# Wanting to Become a Freemason



## Win9577 (Sep 13, 2019)

Hello all, I am new to this forum but my interest in Freemasonry has been around for half of my life. I am relatively young, aged 23, and I meet all the requirements of an aspiring Freemason, aside from one. I do not know anyone who is currently in the fraternity, not one or two people, who could recommend me. Does anyone have any suggestions for this? Thank you!


----------



## Winter (Sep 13, 2019)

That's actually the easy part. Contact your local Lodge and ask to meet with someone to inquire about joining.  You will be introduced to one or more and likely invited to social events and when they are comfortable with you will sign your petition. Different jurisdictions have varying requirements for any length of time required to know a petitioner before signing.  Good luck!

Transmitted via R5 astromech using Tapatalk Galactic


----------



## Win9577 (Sep 13, 2019)

Winter said:


> That's actually the easy part. Contact your local Lodge and ask to meet with someone to inquire about joining.  You will be introduced to one or more and likely invited to social events and when they are comfortable with you will sign your petition. Different jurisdictions have varying requirements for any length of time required to know a petitioner before signing.  Good luck!
> 
> Transmitted via R5 astromech using Tapatalk Galactic



Thanks so much for your help! I’ll contact the lodge and see if I can meet with some members in person.


----------



## Bloke (Sep 15, 2019)

Win9577 said:


> .... I meet all the requirements of an aspiring Freemason, aside from one..



Which requirement do  you think you do not meet ?


----------



## Keith C (Sep 16, 2019)

Bloke said:


> Which requirement do  you think you do not meet ?

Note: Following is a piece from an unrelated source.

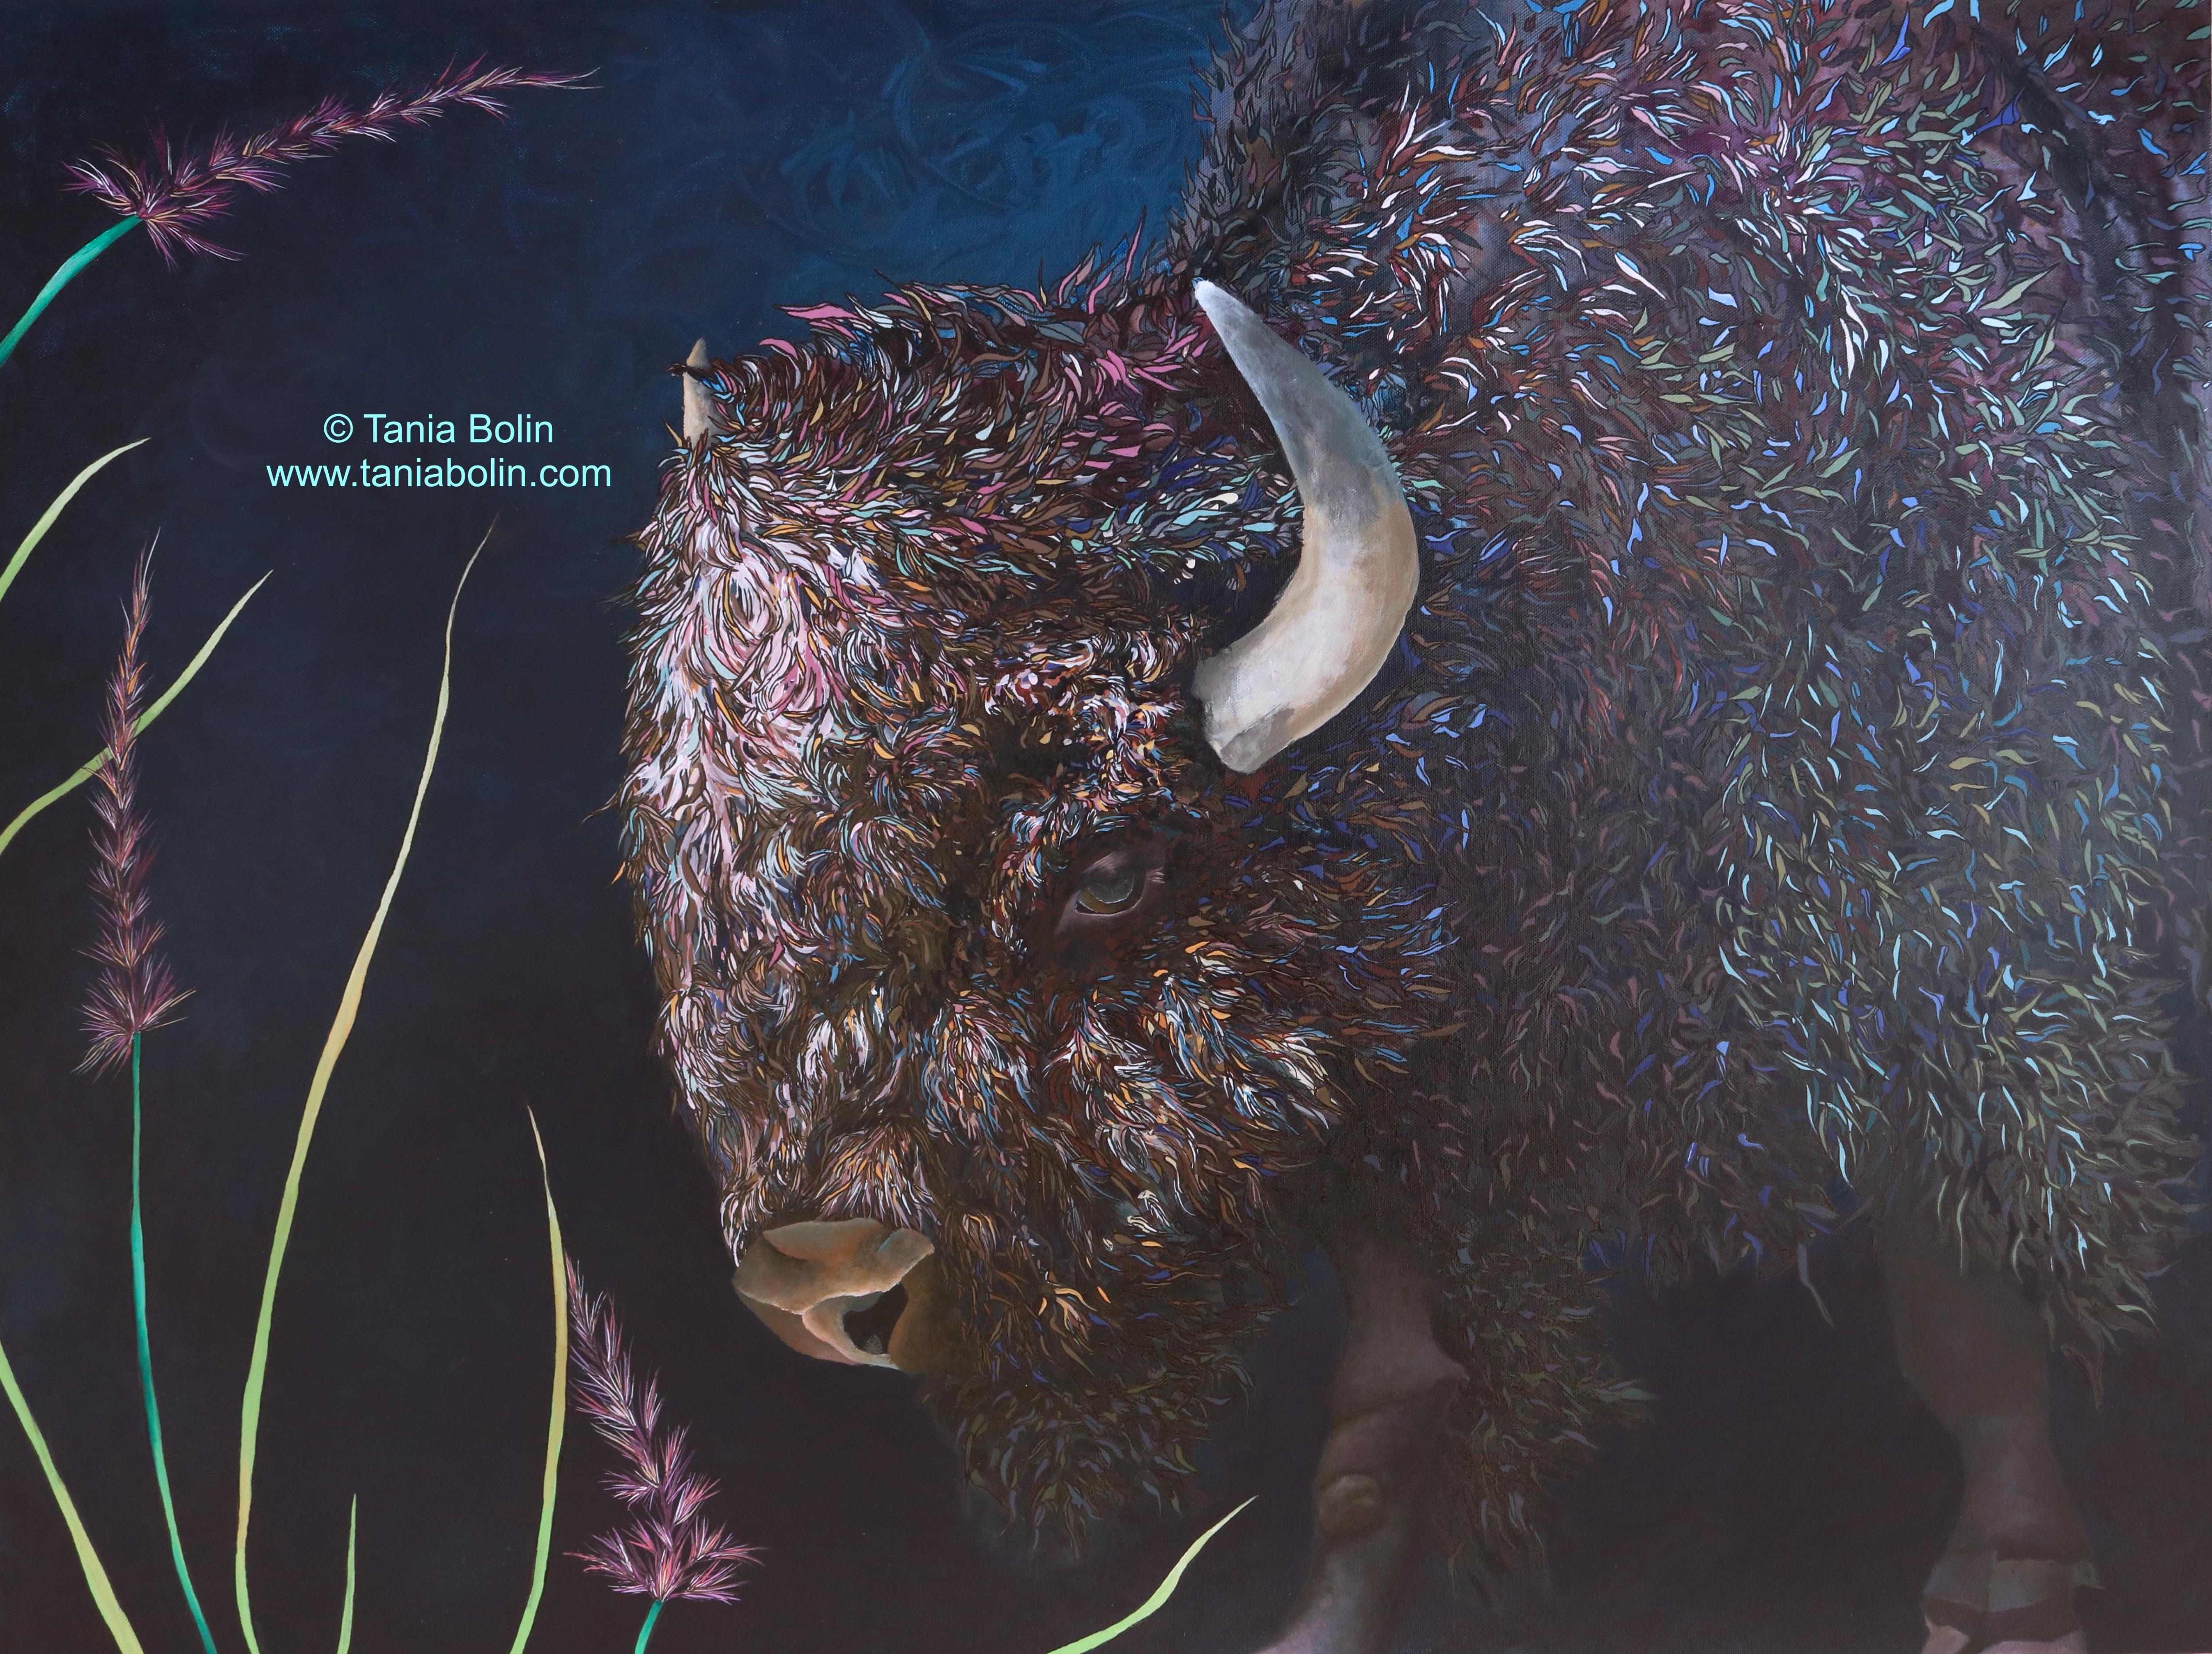 Burly Bison

My interpretation of his wording is that the requirement he assumed he was missing was that of knowing a Mason.


----------



## jermy Bell (Sep 16, 2019)

I'm lucky there isn't a height requirement.


----------



## Bloke (Sep 19, 2019)

Keith C said:


> My interpretation of his wording is that the requirement he assumed he was missing was that of knowing a Mason.

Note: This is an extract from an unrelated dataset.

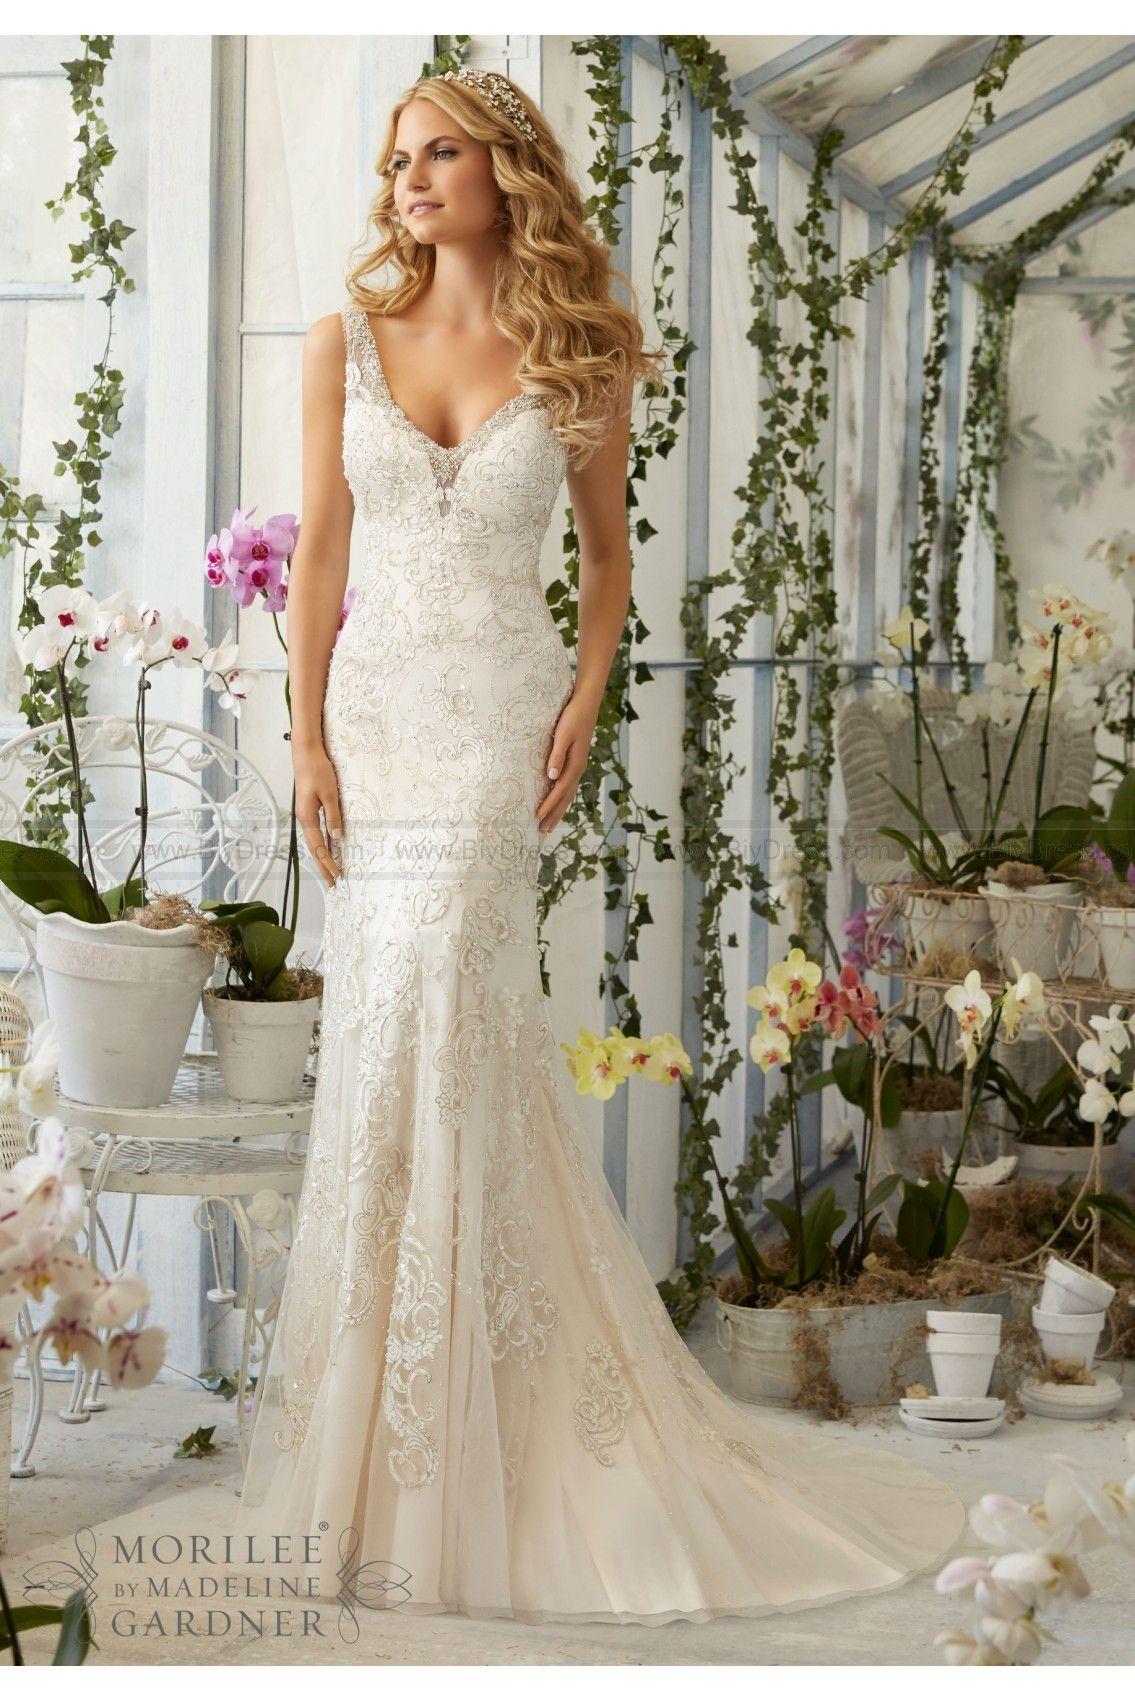 Mori Lee Wedding Dresses Style 2809 | mori lee wedding dresses 2016 ...

You know what they say about assumptions Brother


----------



## Winter (Sep 20, 2019)

Bloke said:


> You know what they say about assumptions Brother



When you assume you make an ass out of Uma Thurman?


----------



## Brother JC (Sep 20, 2019)

Bloke said:


> You know what they say about assumptions Brother



You make an ass of of you and umption! (Said to Geena Davis.)


----------



## Warrior1256 (Sep 23, 2019)

Bloke said:


> You know what they say about assumptions Brother





Winter said:


> When you assume you make an ass out of Uma Thurman?





Brother JC said:


> You make an ass of of you and umption! (Said to Geena Davis.)


Lol!


----------